Did you know that coral is actually considered an animal? This is because, unlike plants, including marine plants, they cannot manufacture their own food.
At CBU, we tend to err on the side of caution when it comes to environmental issues that are this important, which is why we love Aethic’s offering.
Aethic Sôvée Triple Filter Eco-Compatible Sunscreen is proven 100% reef and marine safe and relies on three synthetic filters. Each one has been individually tested and also tested in combination to provide broad-spectrum protection to the skin while not harming marine ecosystems in any way. They come in three sun protection factors: 25, 40 and 50.

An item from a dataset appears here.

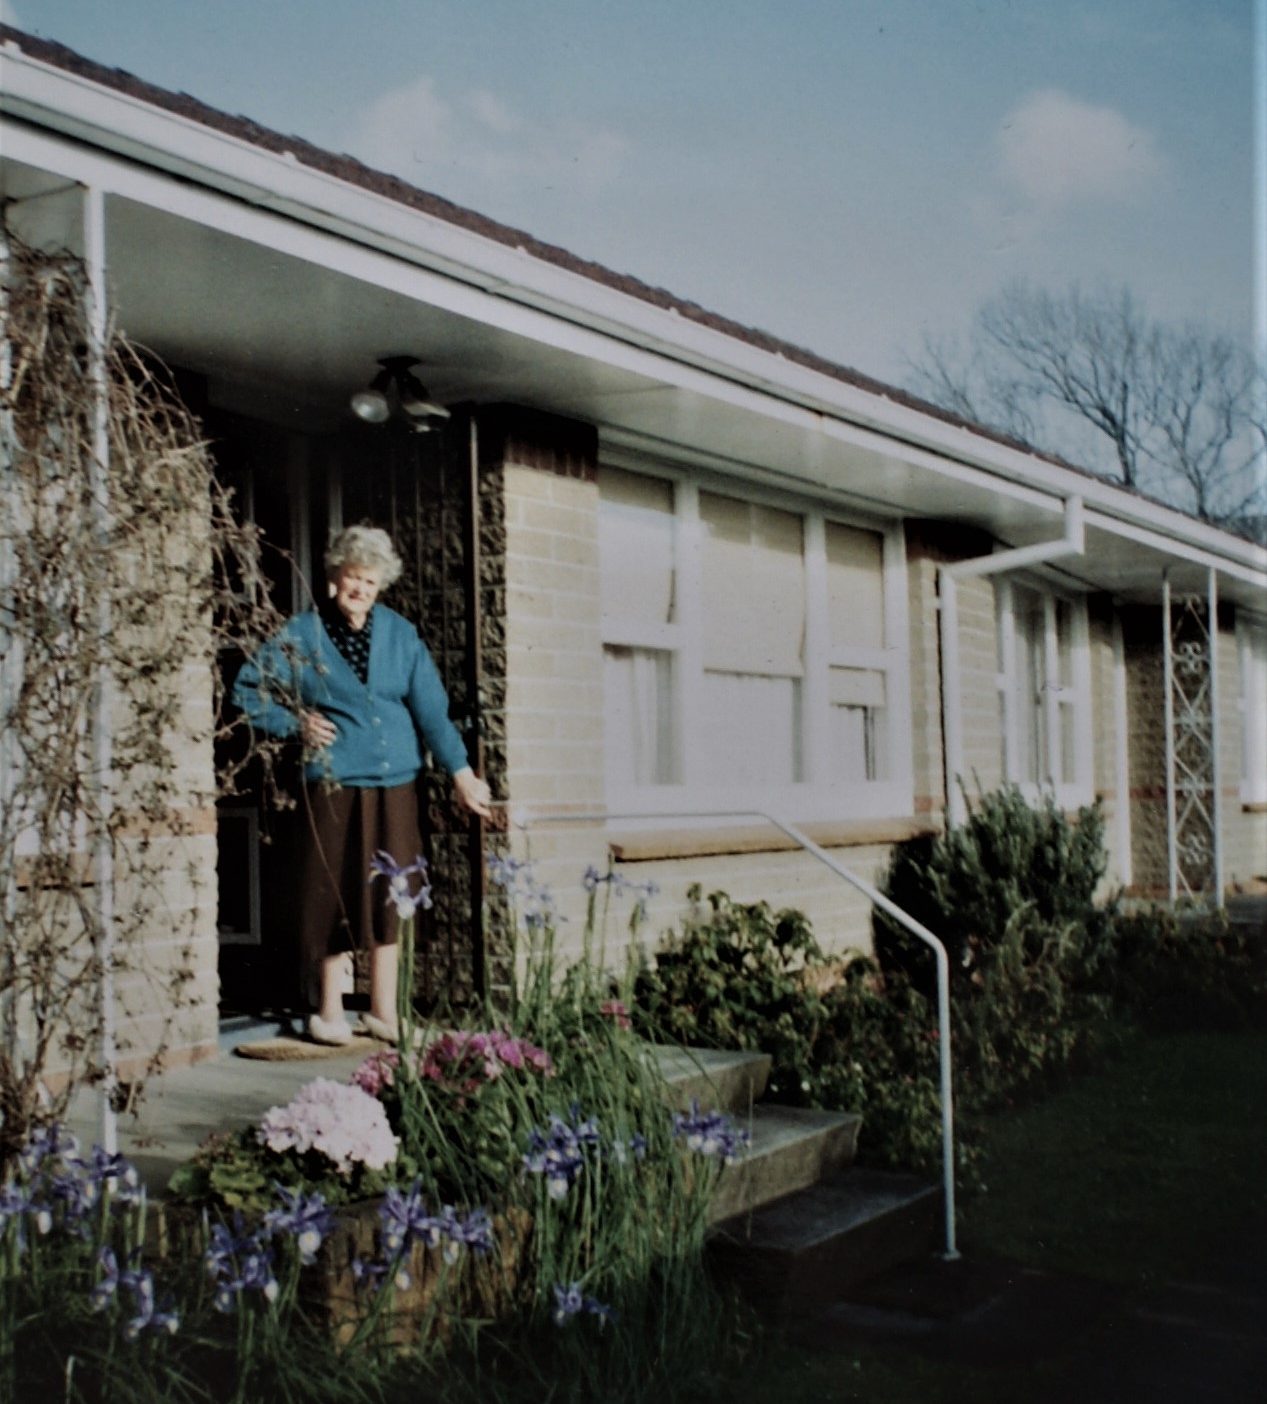 Lesleys Mother Dora stands in her slippers holding open the front door of a sand-coloured brick home unit. In front of the concrete terrace there are purple irises and pink flowers in bloom
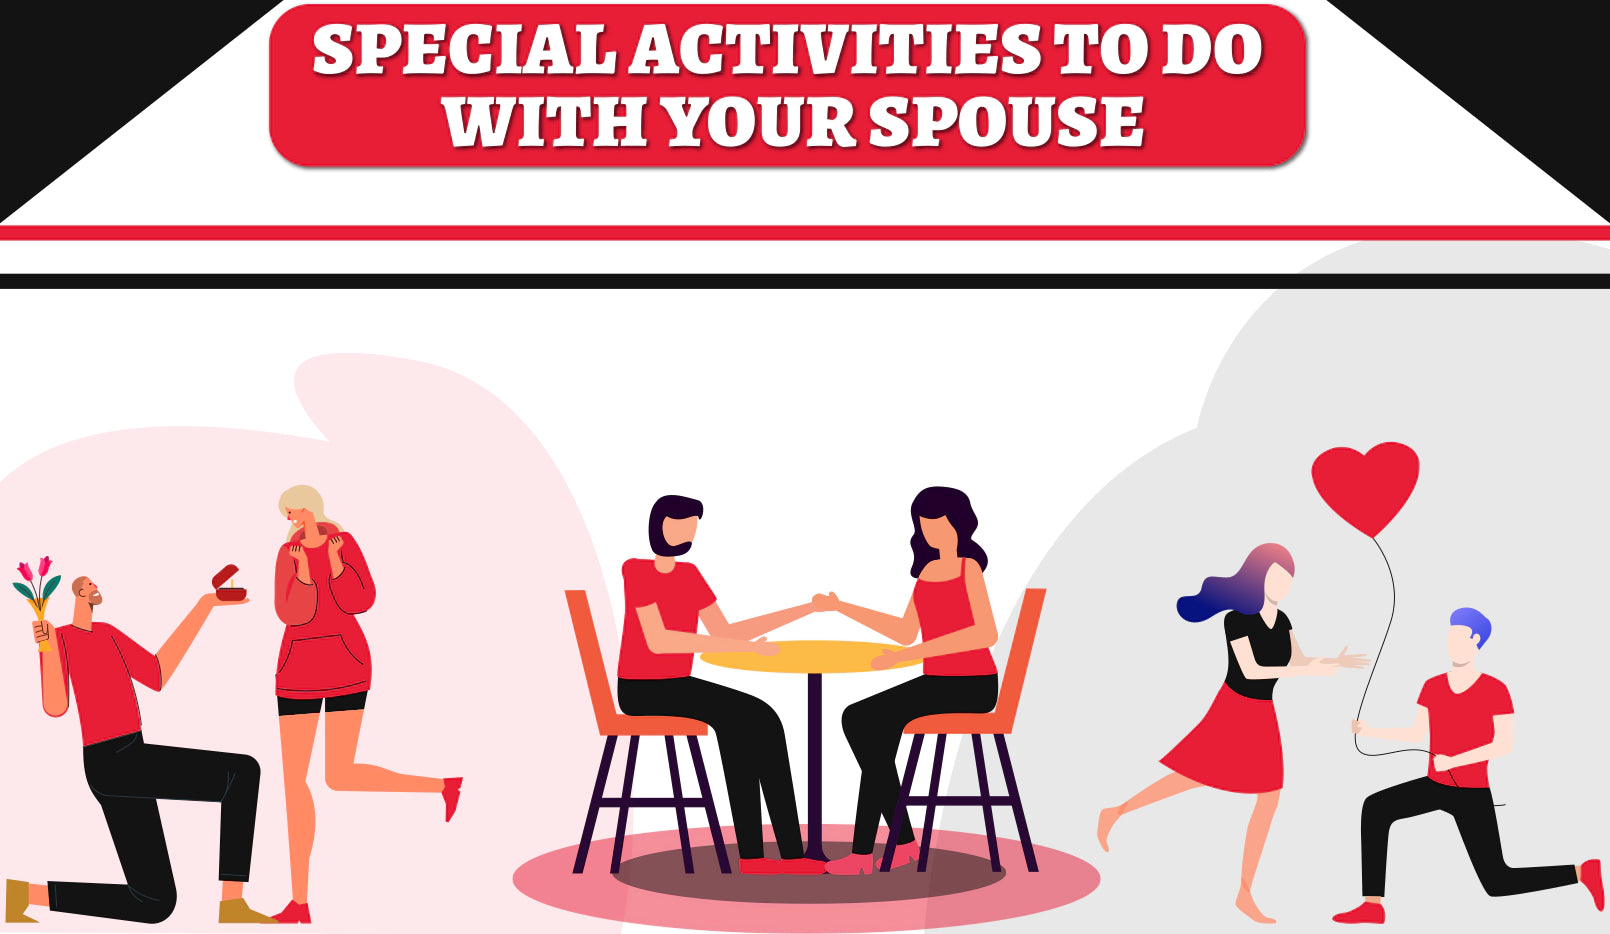 Special Activities to Do with Your Spouse

A bit like REN, they have gone above and beyond the marketing claims and are genuinely invested in protecting the Ocean through their Marine Positive certification. Aethic is also calling on other brands to prove their “reef safe” claims with their #ProveIt campaign. They use profits from selling their products to invest in research and marine protection through their Go Blue Too Foundation – a registered UK charity.
Remember, conscious beauty (indeed our definition of it) puts the power back in your hands to make more informed, conscientious choices about the brands you’re willing to invest your hard-earned money in.
We must consider the entire lifecycle of the beauty products we use. Not just what they come packaged in or how they potentially affect human health, but also how they interact with the wider environment when they have washed off our bodies and down the drain, eventually lands up back in those awe-inspiring ocean’s support life and livelihoods.